**ACTION ITEM:**
Your copy should start at the line with "Marie Velte Moj" and end at the line with "Jake's Mint Herbal Chew Wintergreen 5 Cans" in the data below. Transcribe only those lines, exactly, pictures excluded.

**RECORDS PROVIDED:**
# # # #

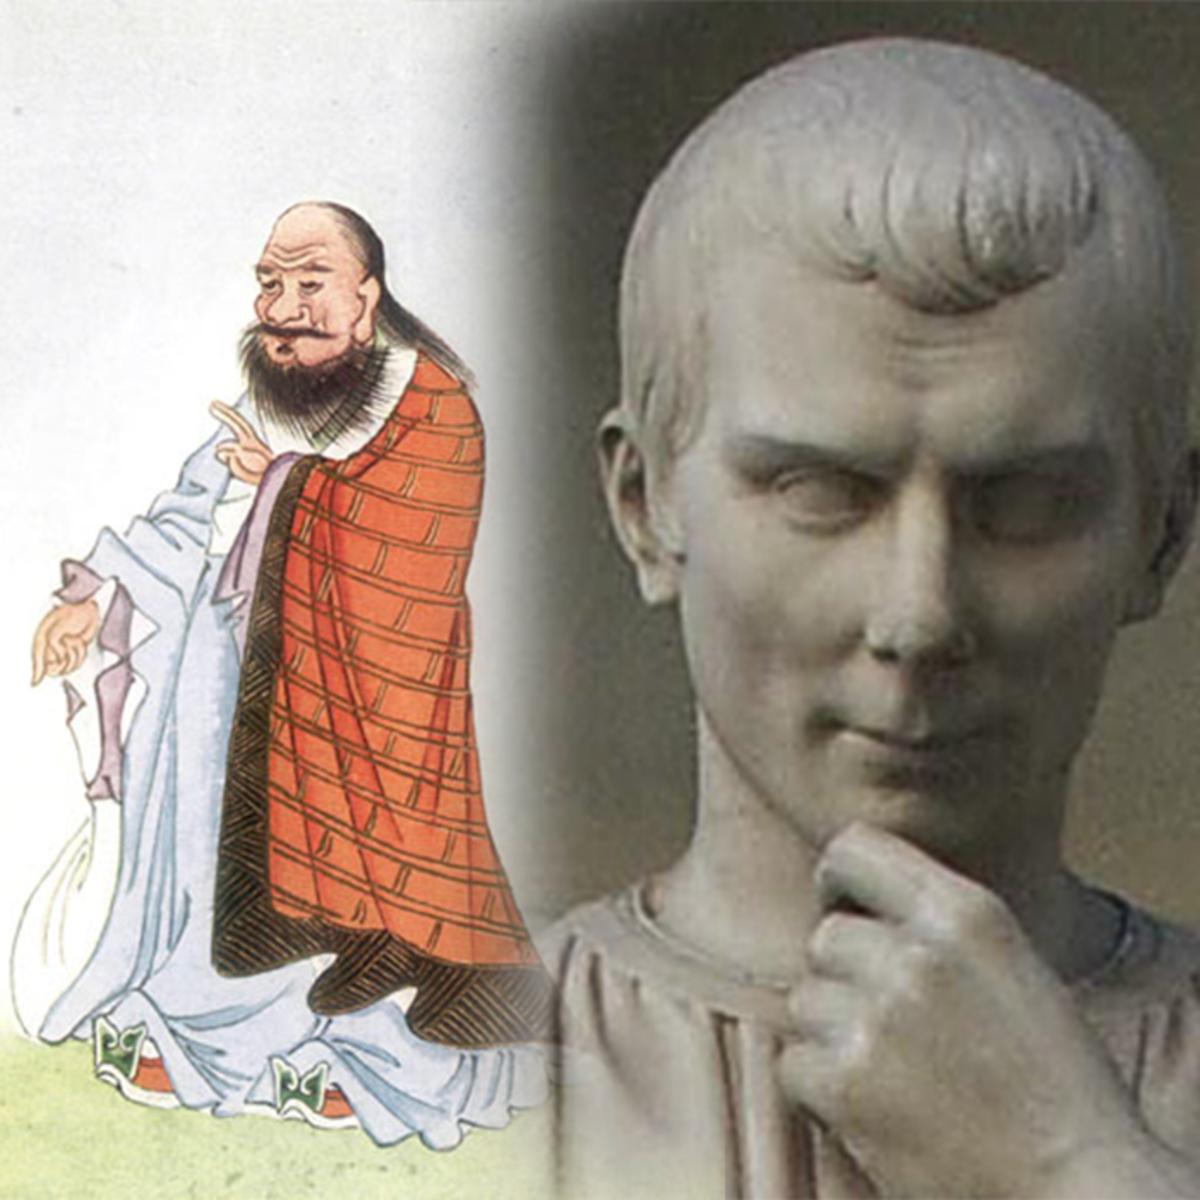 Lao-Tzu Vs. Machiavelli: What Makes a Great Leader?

# # # #

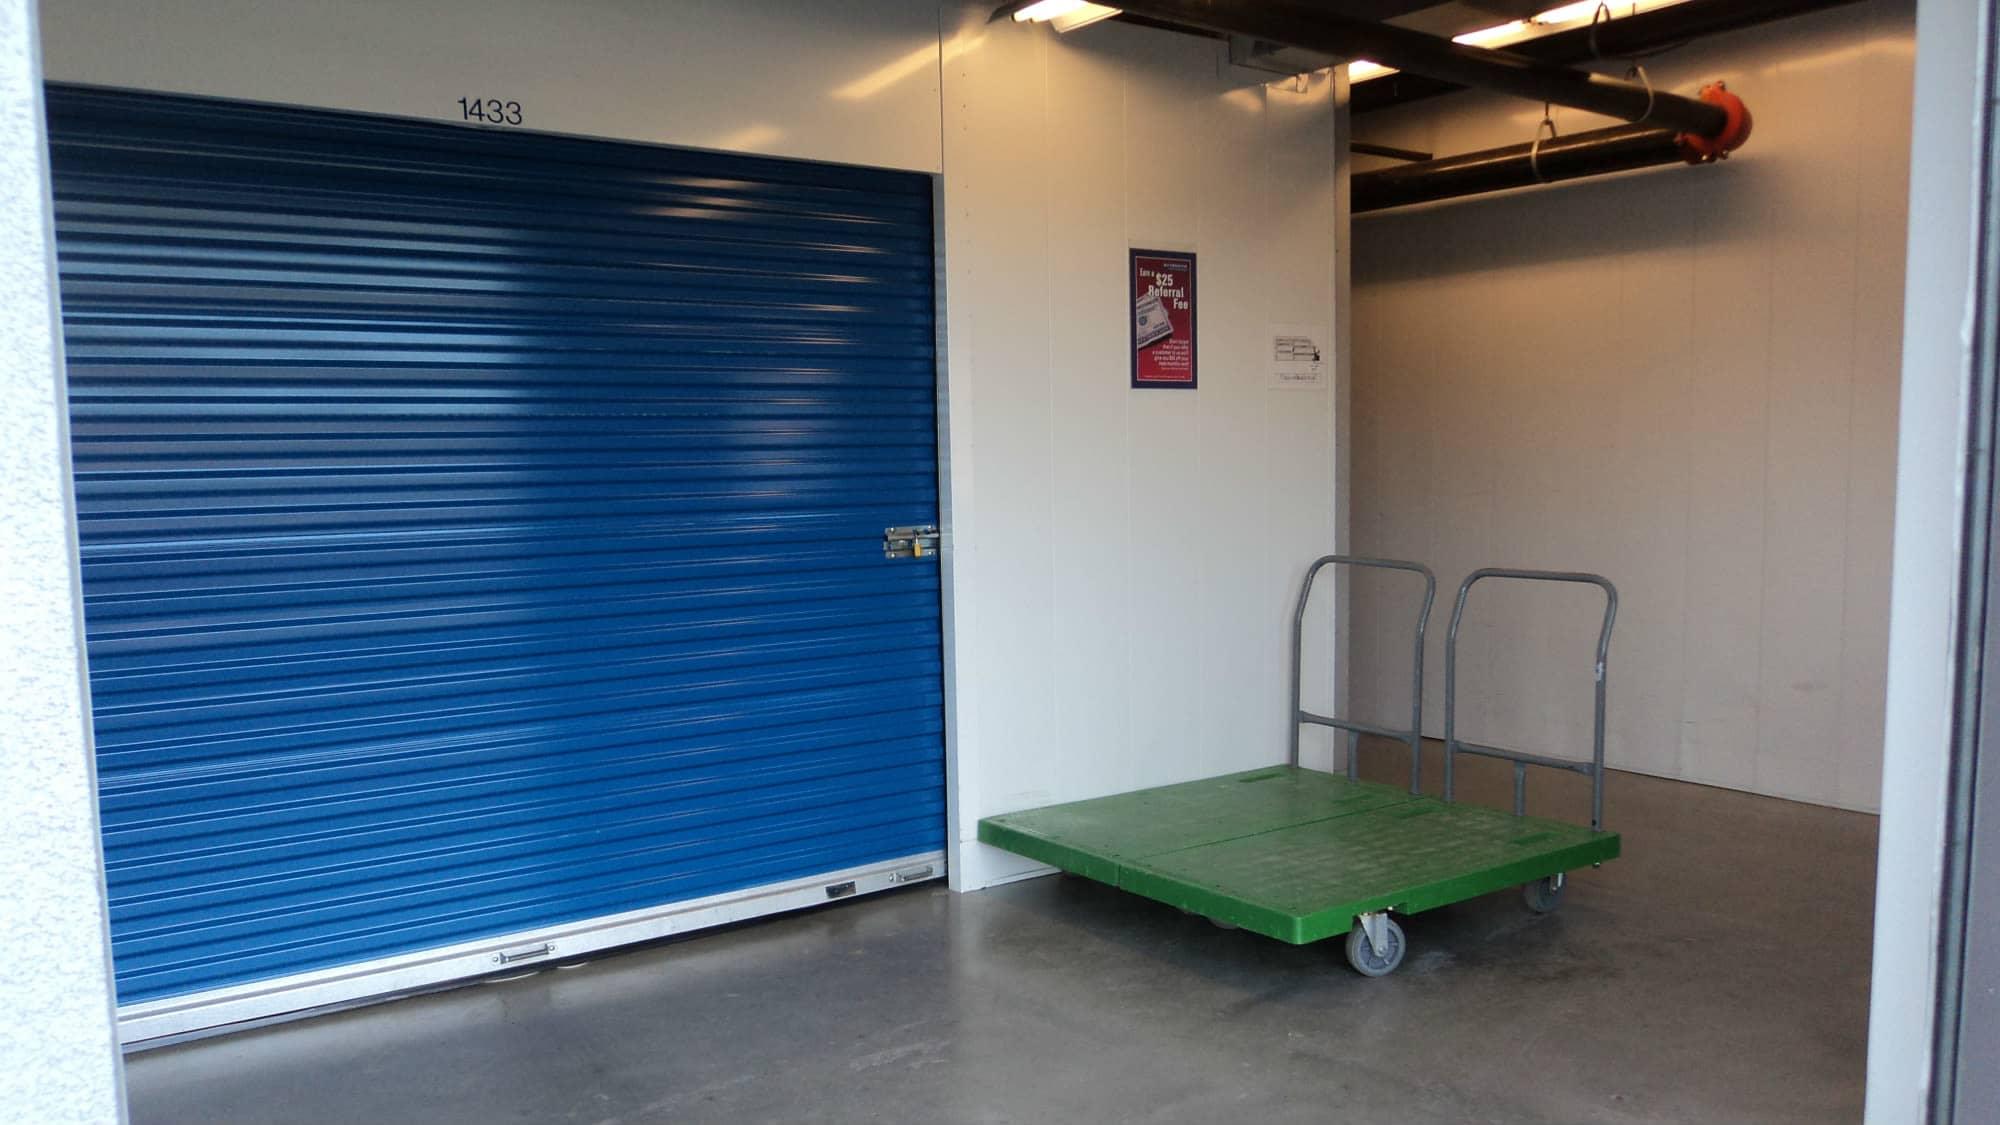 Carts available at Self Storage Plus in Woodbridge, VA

# # # #

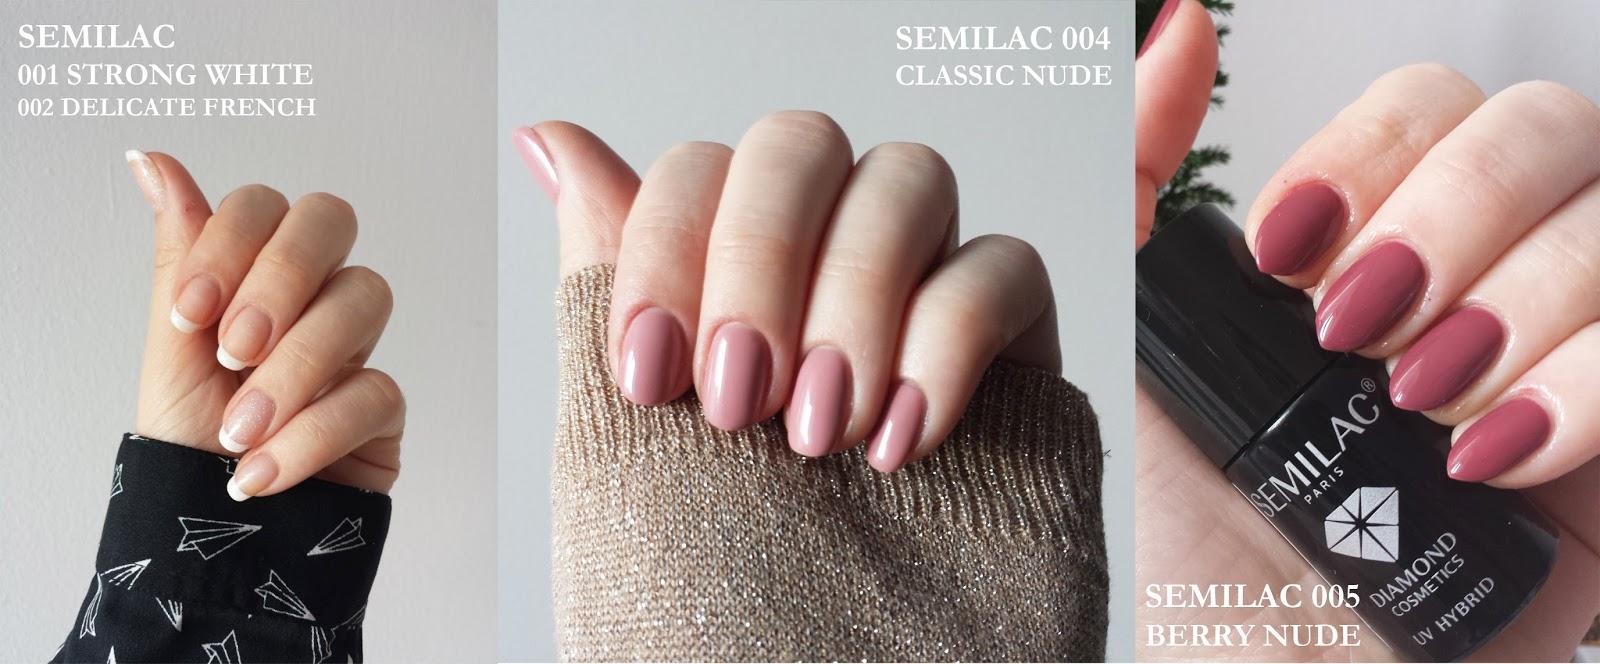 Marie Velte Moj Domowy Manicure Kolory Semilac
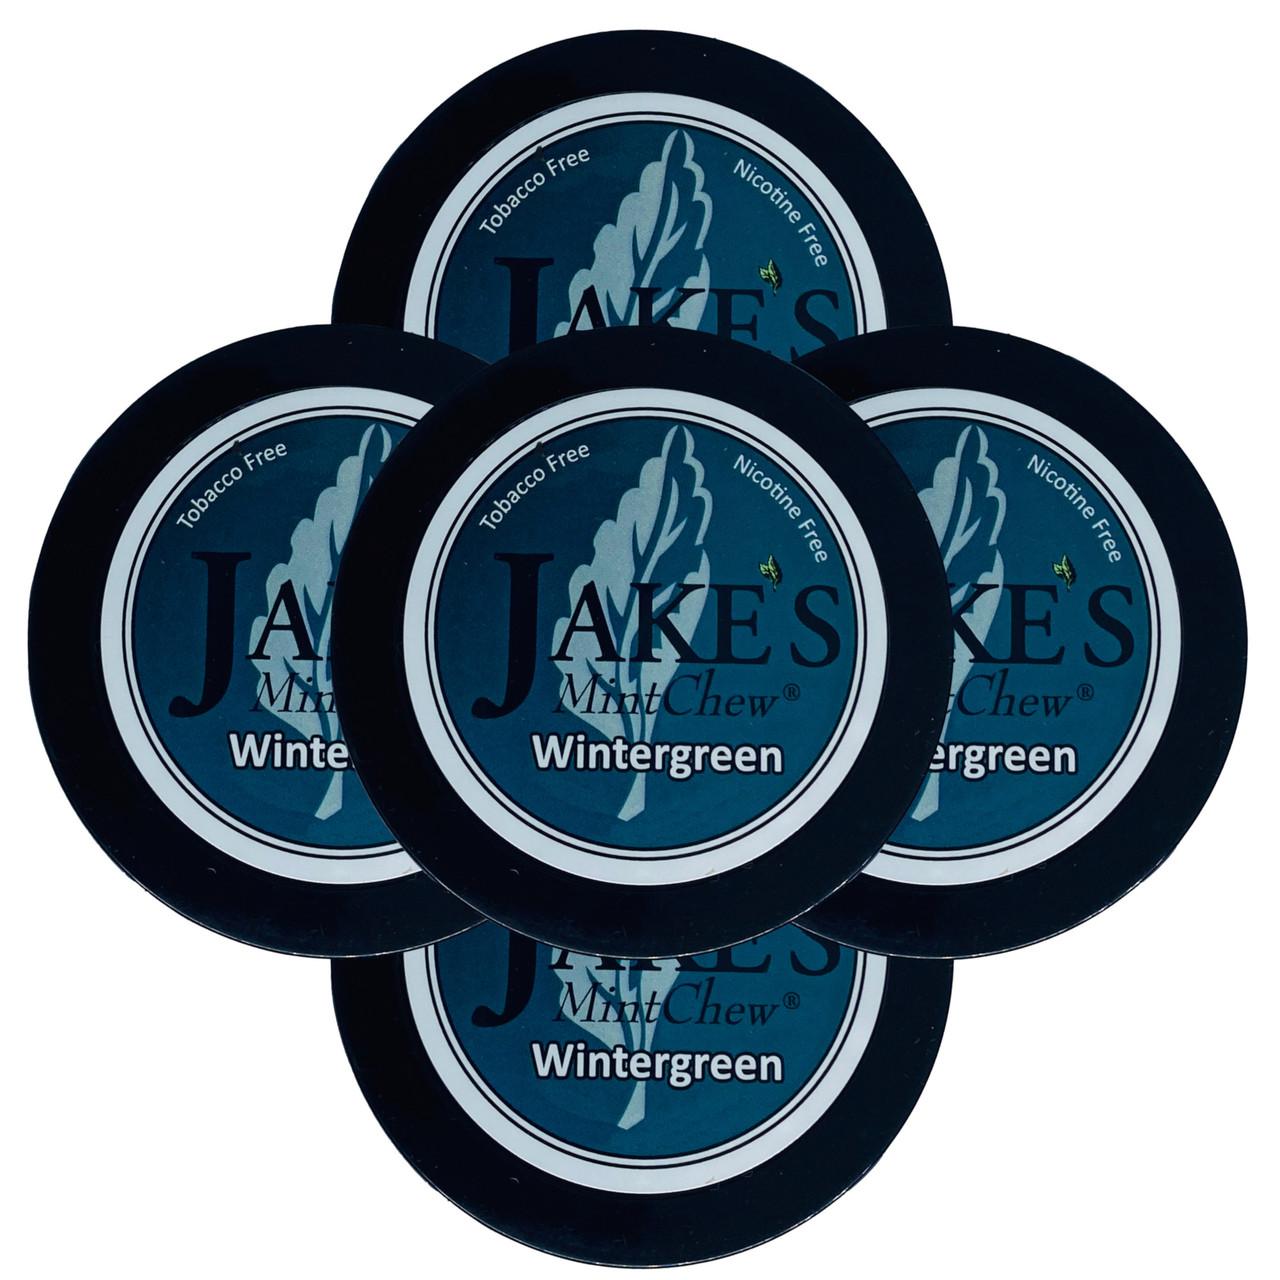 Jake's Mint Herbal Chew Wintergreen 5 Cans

# # # #

**REPLY:**
 Marie Velte Moj Domowy Manicure Kolory Semilac
 Jake's Mint Herbal Chew Wintergreen 5 Cans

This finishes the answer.